Localised angiosarcomas: the identification of prognostic factors and analysis of treatment impact. A retrospective analysis from the French Sarcoma Group (GSF/GETO)
- PMID: 22967726
- DOI: 10.1016/j.ejca.2012.08.016
Localised angiosarcomas: the identification of prognostic factors and analysis of treatment impact. A retrospective analysis from the French Sarcoma Group (GSF/GETO)
Abstract
Background: Angiosarcomas represent less than 2% of all adult soft tissue sarcomas. Prognostic factors and the role of (neo-) adjuvant treatments in the management of localised angiosarcomas require further investigation.
Methods: We have conducted a retrospective multicenter study (June 1980 to October 2009) of 107 patients with localised angiosarcomas. All of the cases were centrally reviewed by a certified pathologist. Univariate and multivariate analyses were conducted to identify independent poor prognostic factors (PF). Overall survival (OS) and Local Recurrence-Free Survival (LRFS) were estimated using the Kaplan-Meier method. The effect of treatments was explored using the Cox model after adjusting for the PF.

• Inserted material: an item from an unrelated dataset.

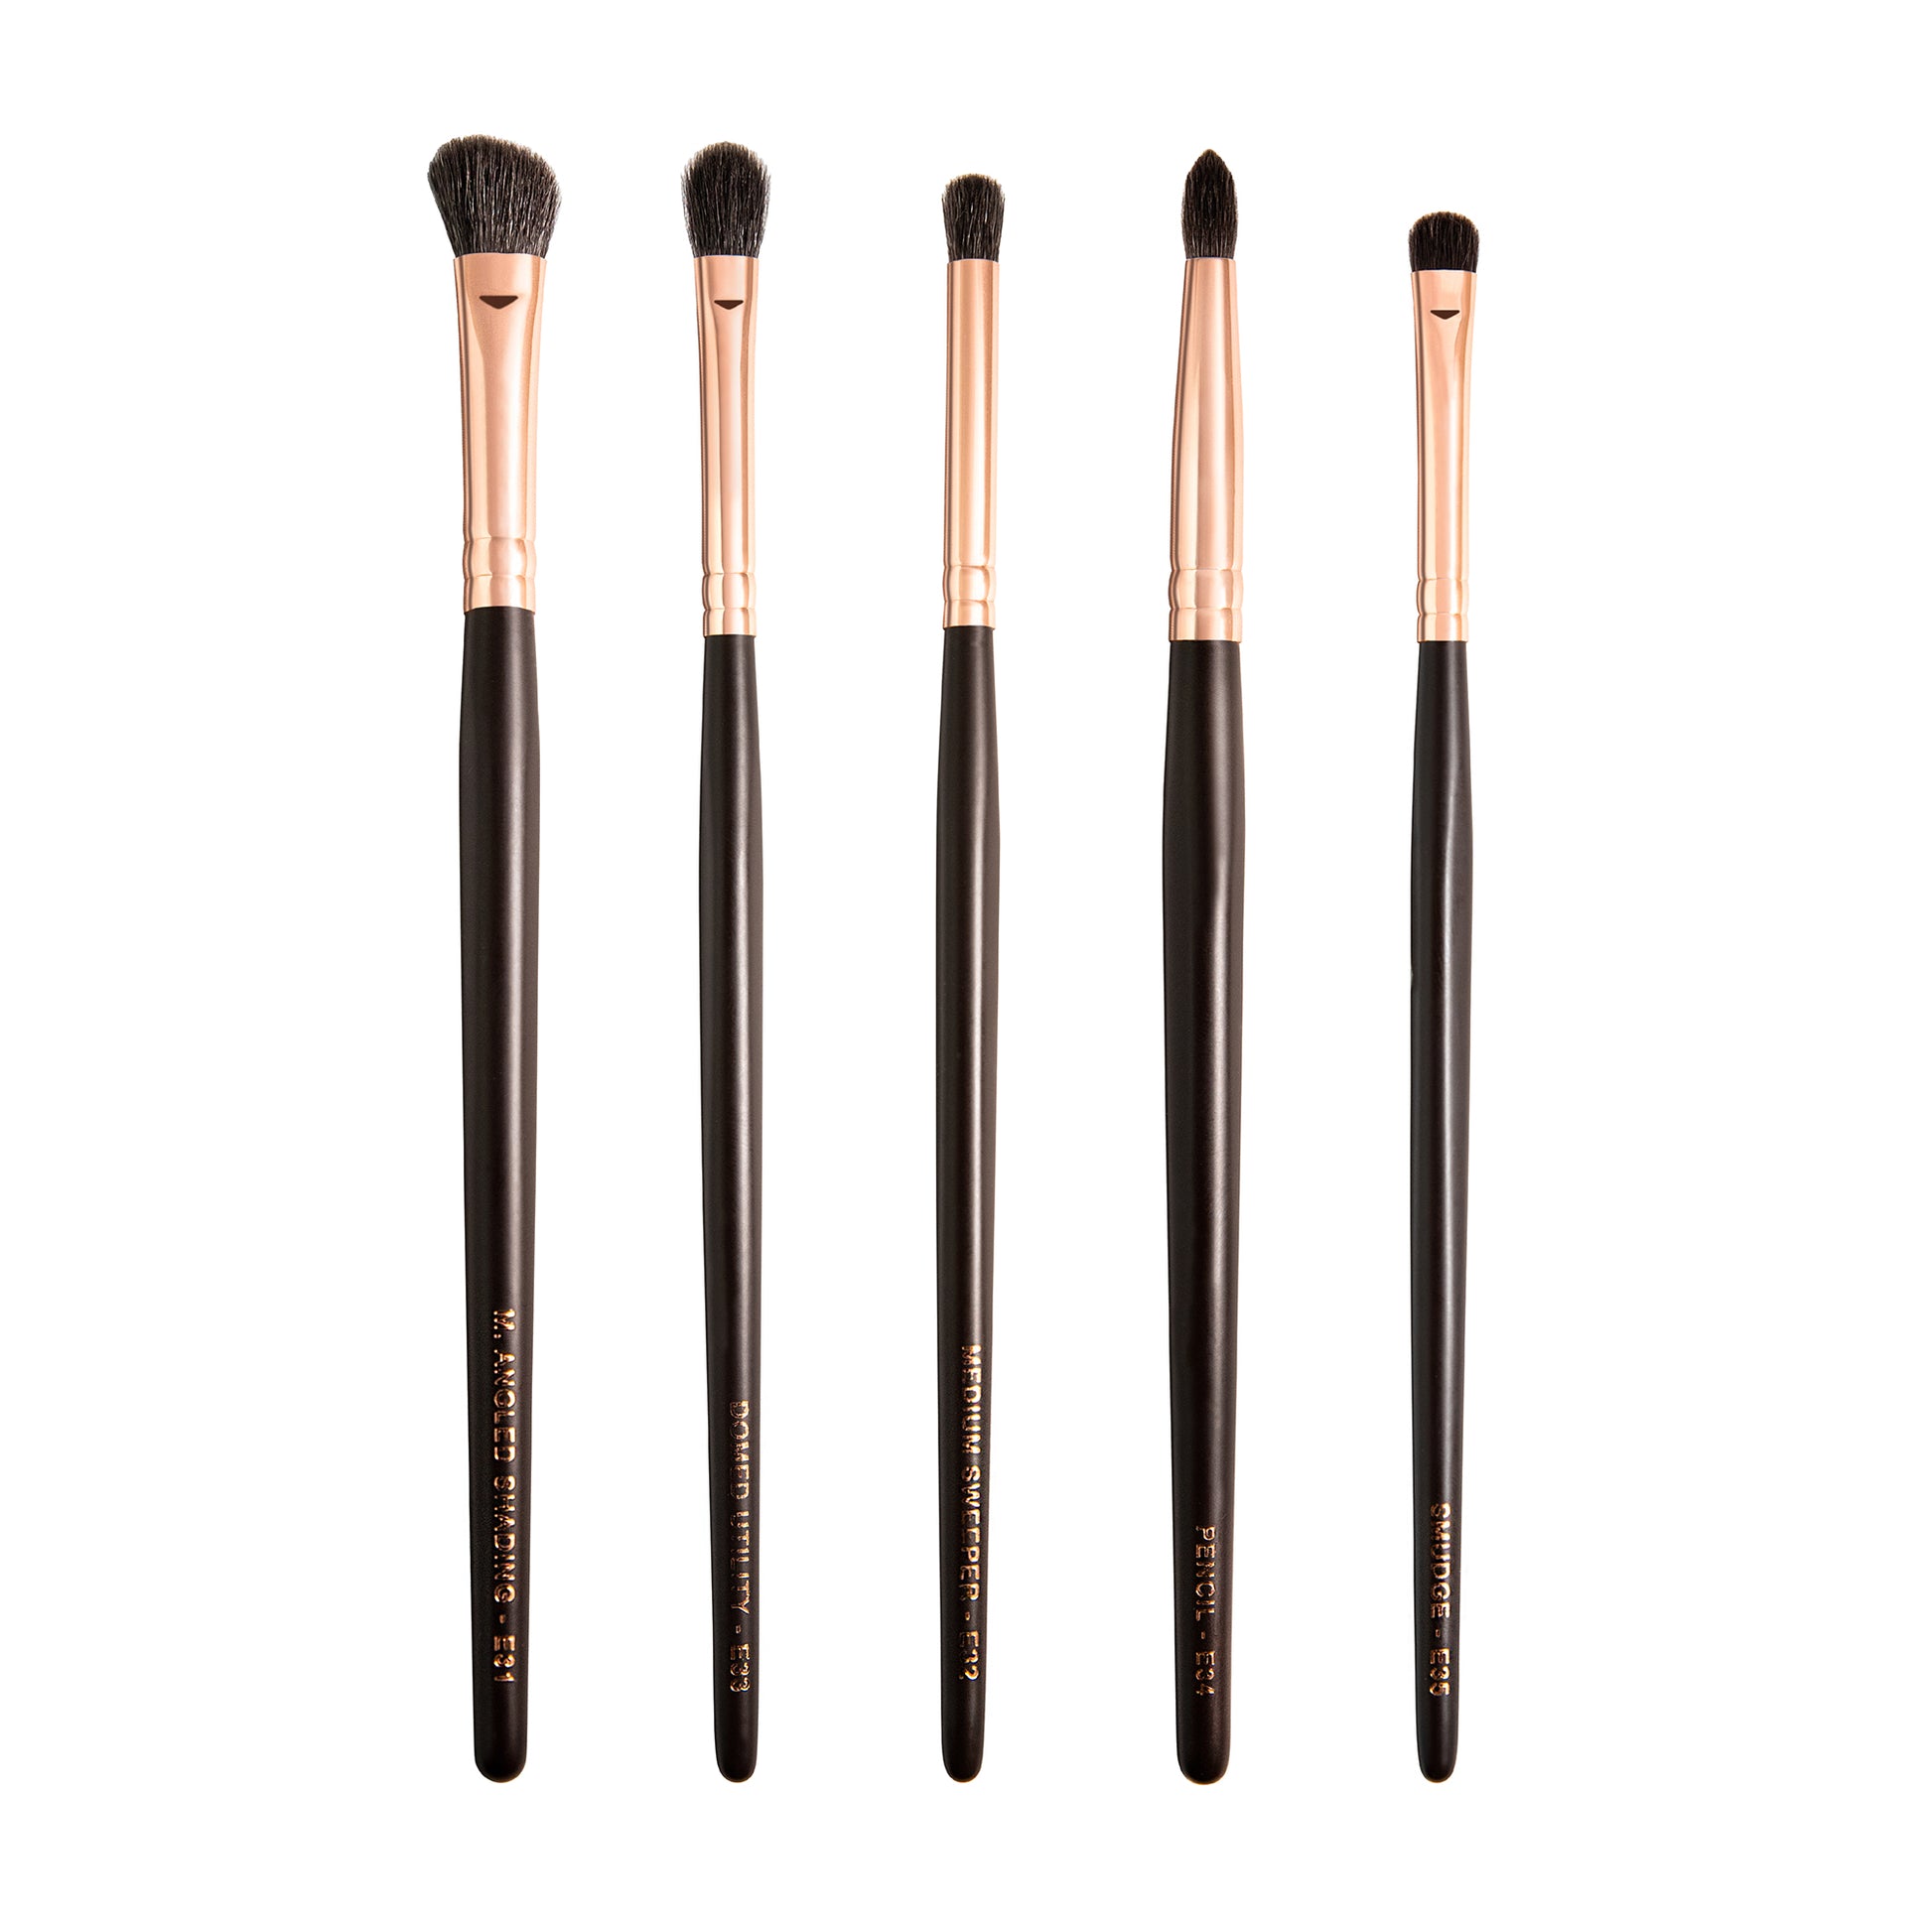 頂級灰鼠混羊毛眼部刷具5入組 / 眼影刷組 Rose Gold Makeup Brushes Set/ pro eyeshadow brush

Results: The median age was 71 years. 22.4% and 62.6% developed an angiosarcoma in pre-existing lymphoedema and within irradiated tissue respectively. The median OS, LRFS and Disease Recurrence-Free Survival (DRFS) were 38.8, 27 and 36.1 months, respectively. In multivariate analysis, the following parameters influenced the OS: lymphoedema (Hazard ratio (HR)=2.0) and size >5cm (HR=1.5). After adjustment to these PF, R0 margins was the only treatment parameter that improving the OS (HR=0.2). In the multivariate analysis, the LRFS was influenced by an age >70 (HR=1.8) and pre-existing lymphoedema (HR=2.0). After adjustment for these PF, R0 margins (HR=0.5) and adjuvant radiotherapy (HR=0.3) improved the LRFS.
Conclusions: Our results suggest the following points: (i) pre-existing lymphoedema, tumour size and age >70 are probably the major prognostic factors in patients with localised angiosarcomas; (ii) the achievement of R0 margins is probably of major importance for improving the patient outcome and (iii) adjuvant radiotherapy probably decreased the risk of local recurrence.